*TASK DESCRIPTION*
Nothing but the lines from the one containing "Angry Birds Sběratelské album na samolepky" through the one containing "ゆったりおしゃれカフェBGMの未再生の波形", both included, should be given again, each exactly as written below.

[Data excerpts]
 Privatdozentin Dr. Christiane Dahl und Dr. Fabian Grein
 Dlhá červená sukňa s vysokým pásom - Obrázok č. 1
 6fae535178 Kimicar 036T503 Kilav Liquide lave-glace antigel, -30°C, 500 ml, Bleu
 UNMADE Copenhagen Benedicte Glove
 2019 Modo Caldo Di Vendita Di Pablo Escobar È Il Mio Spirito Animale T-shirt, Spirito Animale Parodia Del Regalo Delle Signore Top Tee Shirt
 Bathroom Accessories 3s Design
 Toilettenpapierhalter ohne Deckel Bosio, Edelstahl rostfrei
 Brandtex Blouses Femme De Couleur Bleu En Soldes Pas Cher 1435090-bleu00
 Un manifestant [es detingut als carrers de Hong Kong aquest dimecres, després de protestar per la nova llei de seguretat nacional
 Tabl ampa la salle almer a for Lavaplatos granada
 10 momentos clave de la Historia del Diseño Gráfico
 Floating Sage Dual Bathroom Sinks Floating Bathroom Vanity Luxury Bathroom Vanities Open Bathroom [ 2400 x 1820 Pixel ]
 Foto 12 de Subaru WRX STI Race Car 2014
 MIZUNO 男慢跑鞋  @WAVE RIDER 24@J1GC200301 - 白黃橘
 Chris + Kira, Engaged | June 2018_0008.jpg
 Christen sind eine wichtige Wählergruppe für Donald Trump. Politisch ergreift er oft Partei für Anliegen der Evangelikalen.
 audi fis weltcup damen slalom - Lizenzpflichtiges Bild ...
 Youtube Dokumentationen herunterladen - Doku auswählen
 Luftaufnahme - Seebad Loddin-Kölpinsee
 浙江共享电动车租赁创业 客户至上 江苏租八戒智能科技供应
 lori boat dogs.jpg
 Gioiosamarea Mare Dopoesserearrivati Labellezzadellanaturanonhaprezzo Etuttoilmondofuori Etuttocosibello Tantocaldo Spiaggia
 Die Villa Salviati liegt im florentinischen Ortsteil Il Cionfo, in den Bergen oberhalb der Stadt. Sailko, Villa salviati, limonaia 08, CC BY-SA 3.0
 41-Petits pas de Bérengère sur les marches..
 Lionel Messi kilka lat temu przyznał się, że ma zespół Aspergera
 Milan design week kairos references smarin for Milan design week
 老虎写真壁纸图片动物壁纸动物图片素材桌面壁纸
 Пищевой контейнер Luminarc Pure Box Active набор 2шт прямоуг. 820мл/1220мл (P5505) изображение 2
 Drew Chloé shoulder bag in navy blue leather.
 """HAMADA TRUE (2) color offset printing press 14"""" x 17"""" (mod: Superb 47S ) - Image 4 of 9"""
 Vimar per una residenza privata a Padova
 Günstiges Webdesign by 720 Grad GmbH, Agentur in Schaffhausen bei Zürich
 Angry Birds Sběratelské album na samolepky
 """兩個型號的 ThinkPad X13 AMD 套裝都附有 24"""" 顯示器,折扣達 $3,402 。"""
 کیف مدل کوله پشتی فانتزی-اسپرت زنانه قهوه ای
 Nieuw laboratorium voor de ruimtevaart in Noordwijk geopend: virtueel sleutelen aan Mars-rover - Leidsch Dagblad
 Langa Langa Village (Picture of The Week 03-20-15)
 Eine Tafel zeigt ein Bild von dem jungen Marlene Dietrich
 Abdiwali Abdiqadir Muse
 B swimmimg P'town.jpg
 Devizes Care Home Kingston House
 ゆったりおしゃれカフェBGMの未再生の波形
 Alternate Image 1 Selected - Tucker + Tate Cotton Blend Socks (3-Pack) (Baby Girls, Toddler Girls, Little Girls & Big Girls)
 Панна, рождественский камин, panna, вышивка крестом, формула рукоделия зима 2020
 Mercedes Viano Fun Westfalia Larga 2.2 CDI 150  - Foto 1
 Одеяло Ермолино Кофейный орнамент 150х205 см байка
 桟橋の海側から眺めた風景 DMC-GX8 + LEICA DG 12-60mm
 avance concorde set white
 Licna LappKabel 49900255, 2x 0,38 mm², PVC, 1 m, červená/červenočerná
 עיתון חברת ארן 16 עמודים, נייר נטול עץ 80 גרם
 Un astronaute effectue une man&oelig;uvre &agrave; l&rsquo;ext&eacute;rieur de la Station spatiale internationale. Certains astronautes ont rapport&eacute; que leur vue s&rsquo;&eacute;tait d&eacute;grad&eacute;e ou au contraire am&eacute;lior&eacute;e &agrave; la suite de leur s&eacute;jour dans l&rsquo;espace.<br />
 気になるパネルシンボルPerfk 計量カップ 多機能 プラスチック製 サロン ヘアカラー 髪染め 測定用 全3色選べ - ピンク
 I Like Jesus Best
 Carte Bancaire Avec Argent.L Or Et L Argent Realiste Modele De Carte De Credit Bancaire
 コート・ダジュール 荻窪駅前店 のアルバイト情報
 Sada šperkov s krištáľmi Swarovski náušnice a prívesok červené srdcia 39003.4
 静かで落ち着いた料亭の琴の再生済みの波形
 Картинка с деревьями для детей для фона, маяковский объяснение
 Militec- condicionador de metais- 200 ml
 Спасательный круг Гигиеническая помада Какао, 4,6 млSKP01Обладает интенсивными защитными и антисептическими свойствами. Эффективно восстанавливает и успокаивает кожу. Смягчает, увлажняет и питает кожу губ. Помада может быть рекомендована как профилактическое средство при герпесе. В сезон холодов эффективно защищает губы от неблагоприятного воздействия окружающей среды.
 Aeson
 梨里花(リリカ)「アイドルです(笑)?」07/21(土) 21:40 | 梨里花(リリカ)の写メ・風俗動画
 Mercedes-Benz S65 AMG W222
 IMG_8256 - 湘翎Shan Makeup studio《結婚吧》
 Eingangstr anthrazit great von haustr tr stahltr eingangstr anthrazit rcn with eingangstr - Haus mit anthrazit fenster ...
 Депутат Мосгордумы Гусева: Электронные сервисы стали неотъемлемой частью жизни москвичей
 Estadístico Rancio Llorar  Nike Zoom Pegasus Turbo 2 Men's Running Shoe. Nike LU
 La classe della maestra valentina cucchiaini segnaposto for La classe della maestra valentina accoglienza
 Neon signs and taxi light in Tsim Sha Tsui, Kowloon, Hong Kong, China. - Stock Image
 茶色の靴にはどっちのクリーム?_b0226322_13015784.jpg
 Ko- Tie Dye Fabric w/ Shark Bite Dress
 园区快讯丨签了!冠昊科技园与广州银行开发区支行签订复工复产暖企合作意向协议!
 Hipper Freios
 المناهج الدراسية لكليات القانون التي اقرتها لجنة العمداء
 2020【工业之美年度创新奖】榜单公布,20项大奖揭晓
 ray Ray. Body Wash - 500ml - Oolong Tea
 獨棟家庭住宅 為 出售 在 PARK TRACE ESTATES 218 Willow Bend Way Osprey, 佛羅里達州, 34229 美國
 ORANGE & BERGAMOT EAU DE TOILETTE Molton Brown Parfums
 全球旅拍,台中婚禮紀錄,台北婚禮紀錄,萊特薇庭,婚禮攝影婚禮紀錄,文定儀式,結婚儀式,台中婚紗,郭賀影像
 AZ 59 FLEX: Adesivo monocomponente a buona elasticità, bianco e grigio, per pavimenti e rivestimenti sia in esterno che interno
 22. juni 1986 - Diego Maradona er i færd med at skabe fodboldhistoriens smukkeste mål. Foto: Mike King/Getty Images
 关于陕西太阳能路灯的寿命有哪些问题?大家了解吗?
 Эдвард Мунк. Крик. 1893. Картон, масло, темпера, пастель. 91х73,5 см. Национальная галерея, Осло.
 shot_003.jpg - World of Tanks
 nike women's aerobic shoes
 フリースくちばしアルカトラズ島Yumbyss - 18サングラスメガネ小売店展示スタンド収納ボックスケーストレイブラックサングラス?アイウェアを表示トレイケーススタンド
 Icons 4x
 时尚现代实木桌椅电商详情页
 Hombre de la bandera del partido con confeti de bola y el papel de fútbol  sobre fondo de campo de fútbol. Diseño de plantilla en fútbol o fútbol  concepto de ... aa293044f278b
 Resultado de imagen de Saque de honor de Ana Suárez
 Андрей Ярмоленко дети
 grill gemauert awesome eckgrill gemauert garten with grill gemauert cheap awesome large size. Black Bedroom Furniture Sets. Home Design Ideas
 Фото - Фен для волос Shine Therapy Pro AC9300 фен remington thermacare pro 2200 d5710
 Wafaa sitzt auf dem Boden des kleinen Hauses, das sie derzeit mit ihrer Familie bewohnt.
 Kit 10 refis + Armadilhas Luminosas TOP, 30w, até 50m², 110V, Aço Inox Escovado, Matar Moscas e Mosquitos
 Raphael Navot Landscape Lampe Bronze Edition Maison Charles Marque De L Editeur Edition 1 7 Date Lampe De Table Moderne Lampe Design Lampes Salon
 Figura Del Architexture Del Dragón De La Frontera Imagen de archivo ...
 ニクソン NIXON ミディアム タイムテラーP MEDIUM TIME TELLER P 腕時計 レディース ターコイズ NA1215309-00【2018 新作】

*SOLVED PROBLEM*
 Angry Birds Sběratelské album na samolepky
 """兩個型號的 ThinkPad X13 AMD 套裝都附有 24"""" 顯示器,折扣達 $3,402 。"""
 کیف مدل کوله پشتی فانتزی-اسپرت زنانه قهوه ای
 Nieuw laboratorium voor de ruimtevaart in Noordwijk geopend: virtueel sleutelen aan Mars-rover - Leidsch Dagblad
 Langa Langa Village (Picture of The Week 03-20-15)
 Eine Tafel zeigt ein Bild von dem jungen Marlene Dietrich
 Abdiwali Abdiqadir Muse
 B swimmimg P'town.jpg
 Devizes Care Home Kingston House
 ゆったりおしゃれカフェBGMの未再生の波形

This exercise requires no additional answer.